Code Generation Example

Mixtral also excels in generating code. Here’s a simple prompt to create a Python function:

```python
messages = [
    ChatMessage(role="system", content="You are a code assistant for writing Python code. Only produce the function."),
    ChatMessage(role="user", content="Create a function to convert Celsius to Fahrenheit.")
]

chat_response = get_completion(messages)
print(chat_response.choices[0].message.content)
```

Output:
```python
def celsius_to_fahrenheit(celsius):
    return (celsius * 9/5) + 32
```

Safety Features

Similar to the Mistral 7B model, Mixtral allows for safety features to ensure respectful interactions.

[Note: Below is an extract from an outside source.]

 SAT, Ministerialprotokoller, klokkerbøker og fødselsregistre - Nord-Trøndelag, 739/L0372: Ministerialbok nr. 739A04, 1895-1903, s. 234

By setting `safe_mode=True`, you can prevent harmful or negative responses:

```python
def get_completion_safe(messages, model="mistral-small"):
    chat_response = client.chat(
        model=model,
        messages=messages,
        safe_mode=True
    )
    return chat_response

messages = [
    ChatMessage(role="user", content="Say something mean.")
]

chat_response = get_completion_safe(messages)
print(chat_response.choices[0].message.content)
```

Output:
"I'm sorry, but I cannot say something mean. My goal is to provide positive and respectful interactions."

When `safe_mode=True`, the model responds with a commitment to positive and respectful communication.